Ukrainian officials reported more civilian casualties from Russian shelling in the country’s east and south on Saturday, as Spanish Prime Minister Pedro Sánchez began a visit to Kyiv as a show of continuing support from Madrid and the European Union for Ukraine’s fight to dislodge invading Russian forces.
In an address to Ukraine’s parliament that received several standing ovations, Sánchez said, “We’ll be with you as long as it takes.”
“I am here to express the firm determination of the European (Union) and Europe against the illegal and unjustified Russian aggression to Ukraine,” he said on the day that Spain took over the six-month rotating presidency of the 27-nation EU.

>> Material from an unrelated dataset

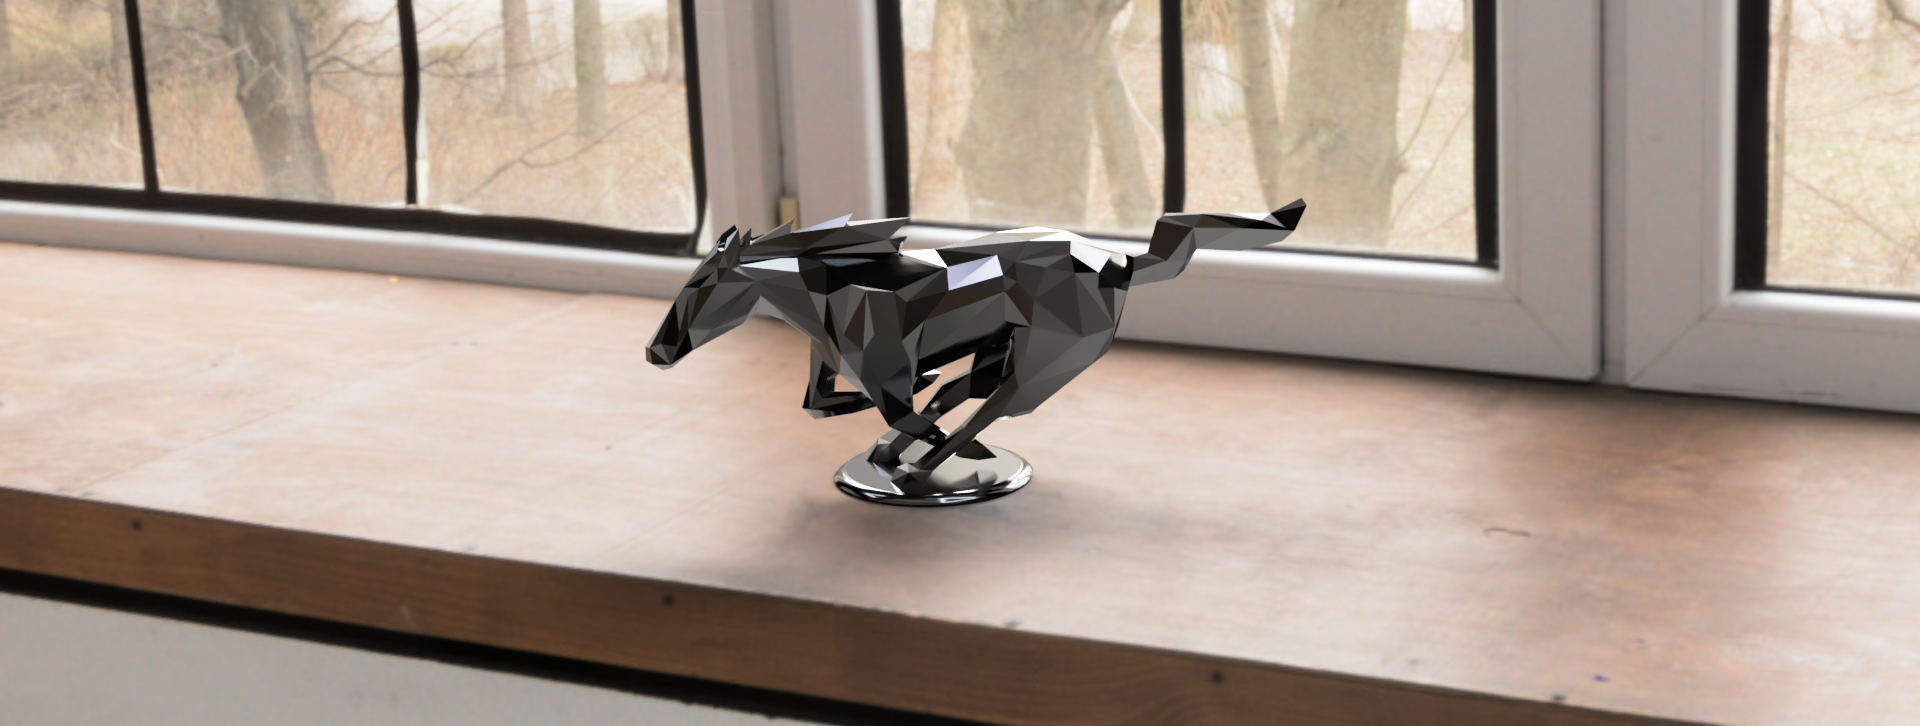 S650 Mustang Ford Mustang Running Pony Desk Sculpture c5f92a71-70c5-4298-ab13-531c6618c010.PNG

At a later news conference with President Volodymyr Zelenskyy, Sanchez announced Spain would deliver more heavy weaponry to Ukraine including four Leopard tanks and armored personnel carriers, as well as a portable field hospital. He also said Spain will provide an additional 55 million euros to help with reconstruction needs.
Elsewhere in Ukraine, regional officials reported that at least three civilians were killed and 17 wounded by Russian shelling on Friday and overnight in the front-line eastern Donetsk region, where fierce battles are raging, Donetsk Gov. Pavlo Kyrylenko said.
The Ukrainian General Staff reported that fierce clashes continued in three areas in Donetsk where it said Russia has massed troops and attempted to advance. It named the outskirts of three cities Bakhmut, Lyman and Marinka — as front-line hot spots.
Five people including a child were wounded on Friday and overnight in the Kherson region in the south, regional Gov. Oleksandr Prokudin said.
Prokudin said that Russian forces launched 82 artillery, drone, mortar shell and rocket attacks on the province, which is cut in two by a stretch of the 1,500-kilometer (930 mile) front line and still reeling from flooding unleashed by the collapse earlier this month of a major Dnipro river dam.
In the northeastern Kharkiv region, Russian shelling over the previous day wounded a 57-year-old civilian man, said Gov. Oleh Syniehubov. In the Sumy region farther west, a teenage boy was hurt in a strike from across the Russian border, the local military administration reported.